Louisville Silver Band

I recently got temporary access to the archives of a number of Louisville Kentucky newspapers going back as far as the 1860s and earlier, and the first thing I did was to search for my Bannon and Kollros ancestors. One of the things that I learned was that my great-grandfather was working as a professional musician earlier than I had thought. In searching for, “Kollros” in the newspaper archives I located a string of hits beginning in the summer of 1862. These were for an advertisement that appeared in the Louisville Daily Journal with the heading LOUISVILLE SILVER BAND. The advertisement states “Eichorn and Kollros will furnish music for parades, funerals, balls, parties, picnics, serenades, etc., at the shortest notice.
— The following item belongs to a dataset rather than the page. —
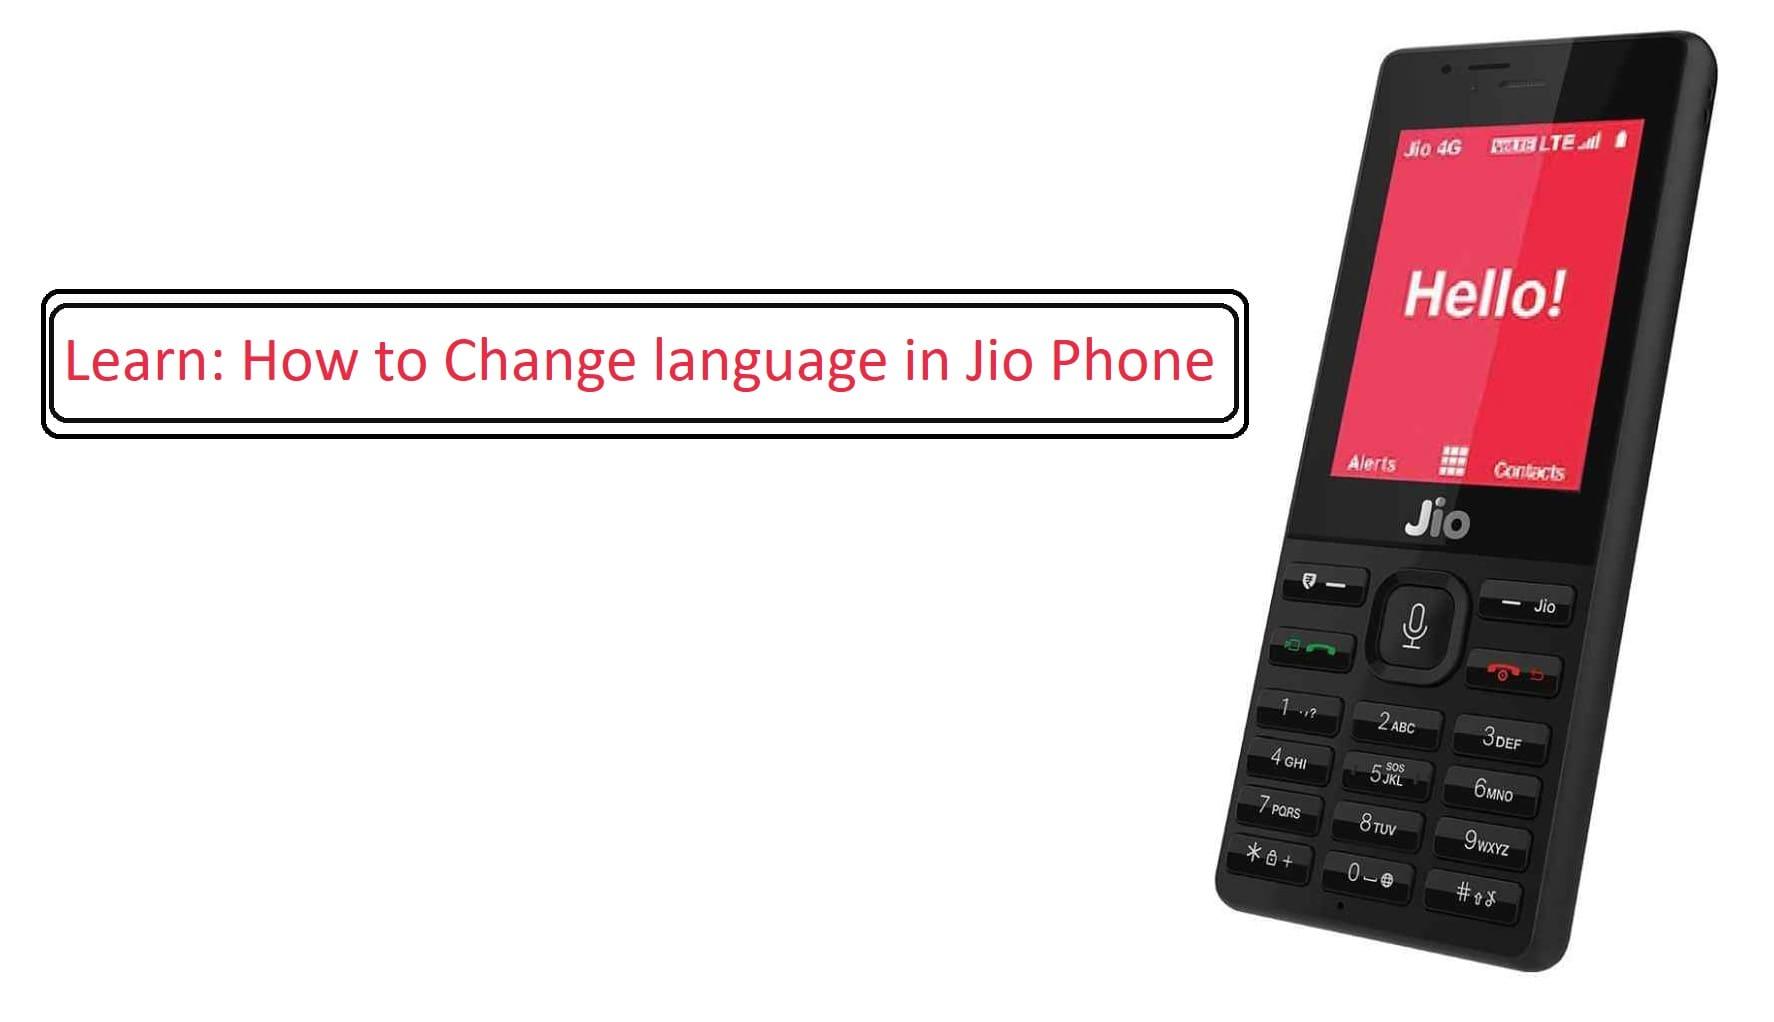 How to change language in jio phone
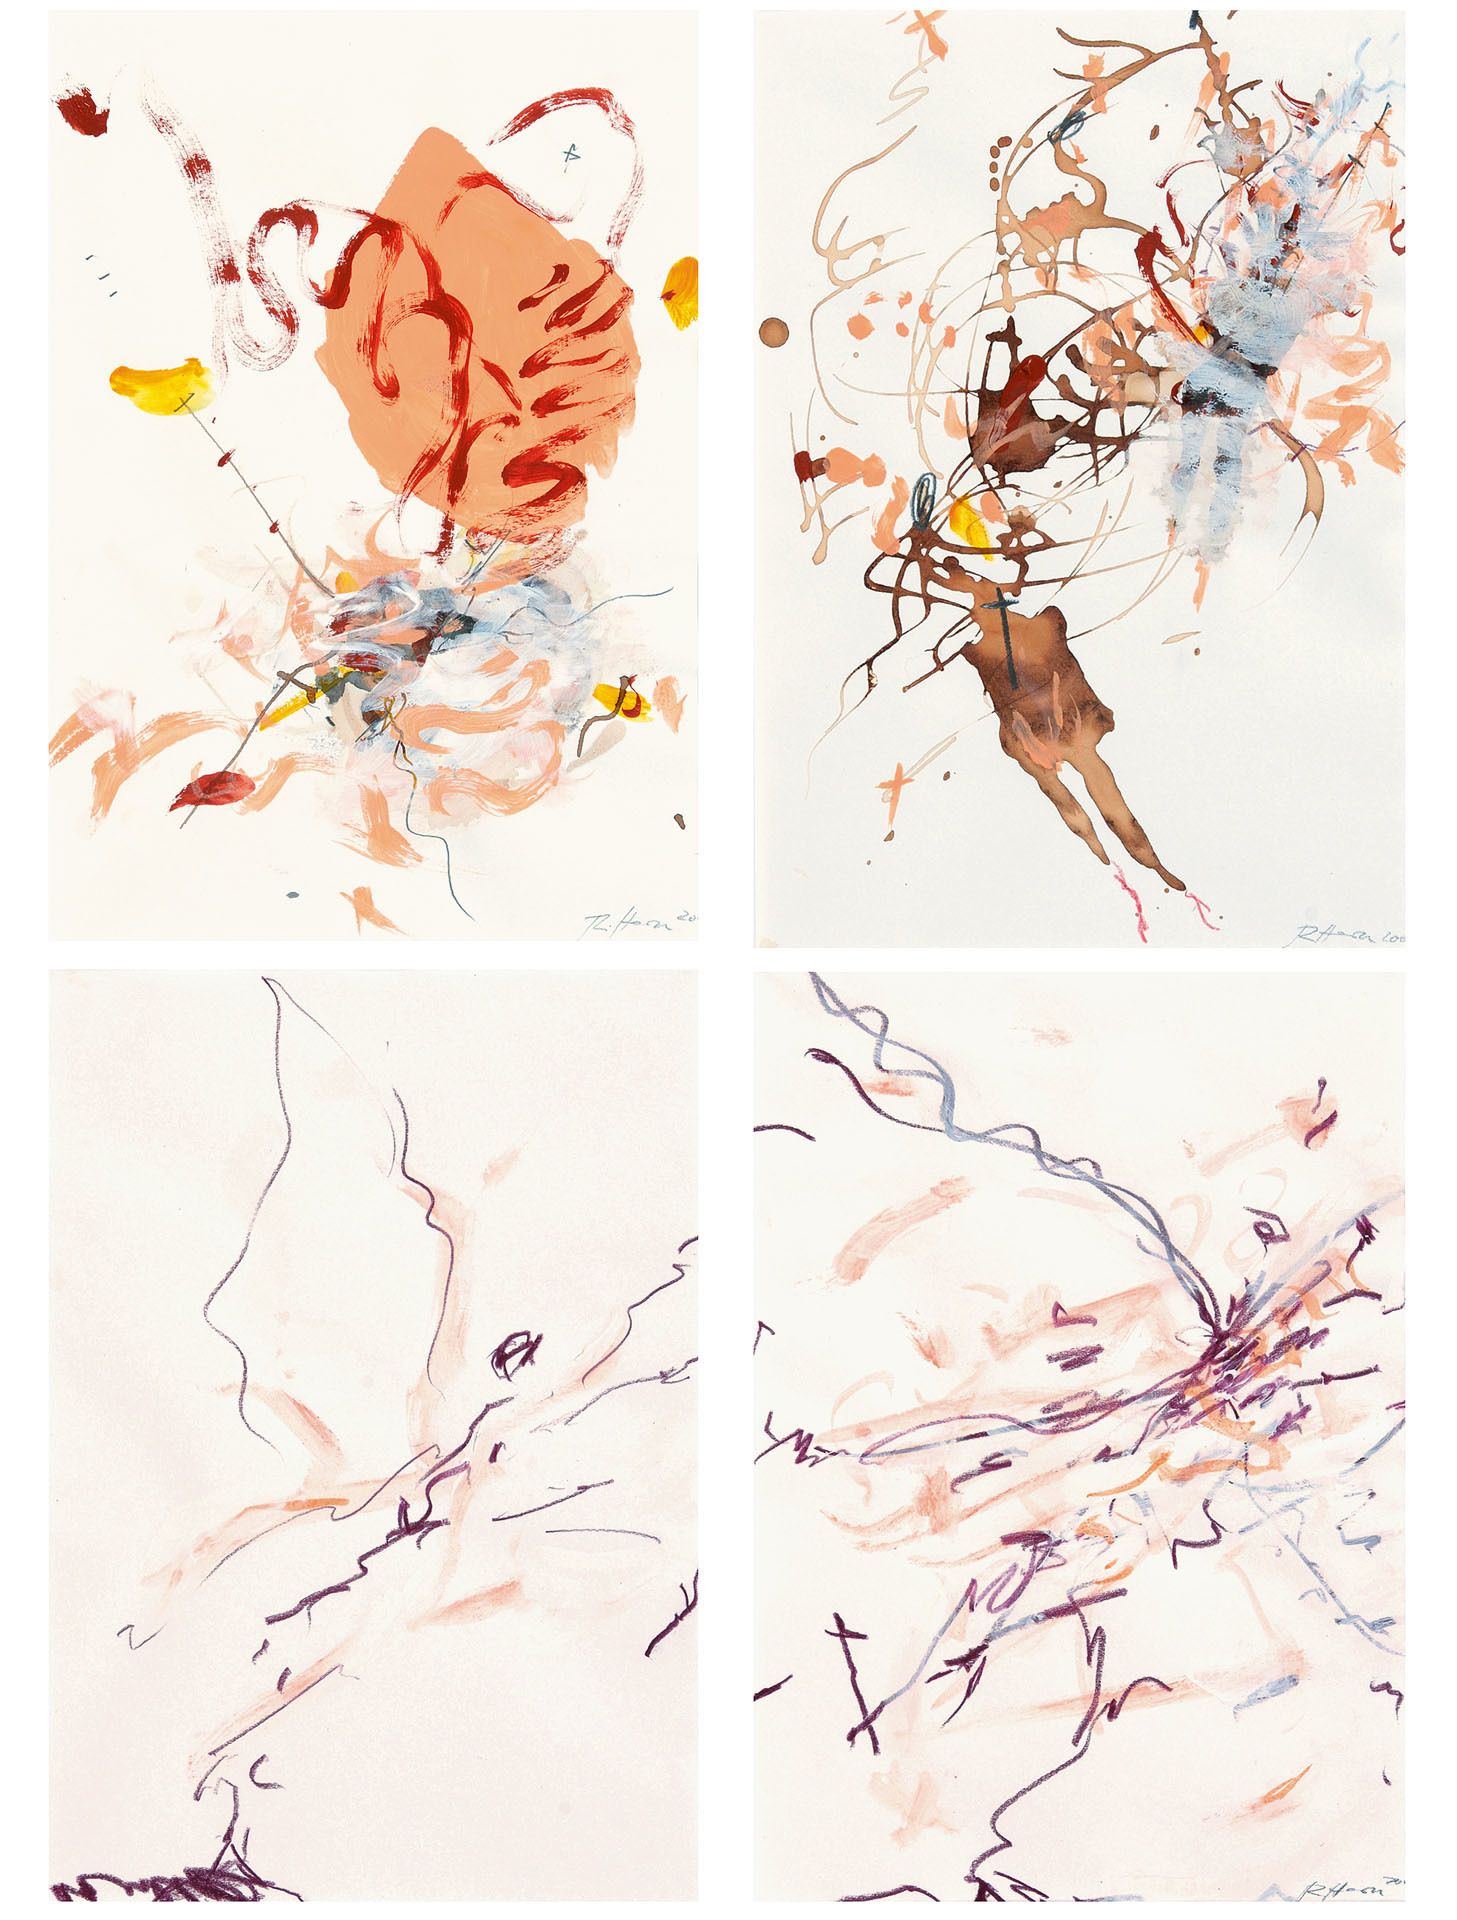 Horn Rebecca, 4 sheets: Engel 1; Engel 2; Untitled (2)

Orders left at the Apollo Hall, corner of first and Jefferson streets will be promptly attended to. Signed Eichorn and Kollros leaders.”

Eichorn no doubt refers to my great great grandfather’s, brother-in-law, Erhardt Eichorn. And Kollros is my great-great-grandfather, Constantine Kollros. In 1862, Constantine was 24 years old and a year away from marrying my great-great-grandmother, Mary A. Eichorn.

I don’t know when exactly Eichorn and Kollros formed marching bands and orchestras but the two men were well-established musicians and conductors up and down the Ohio River Valley for the latter half of the 19th century and the first decade of the 20th century.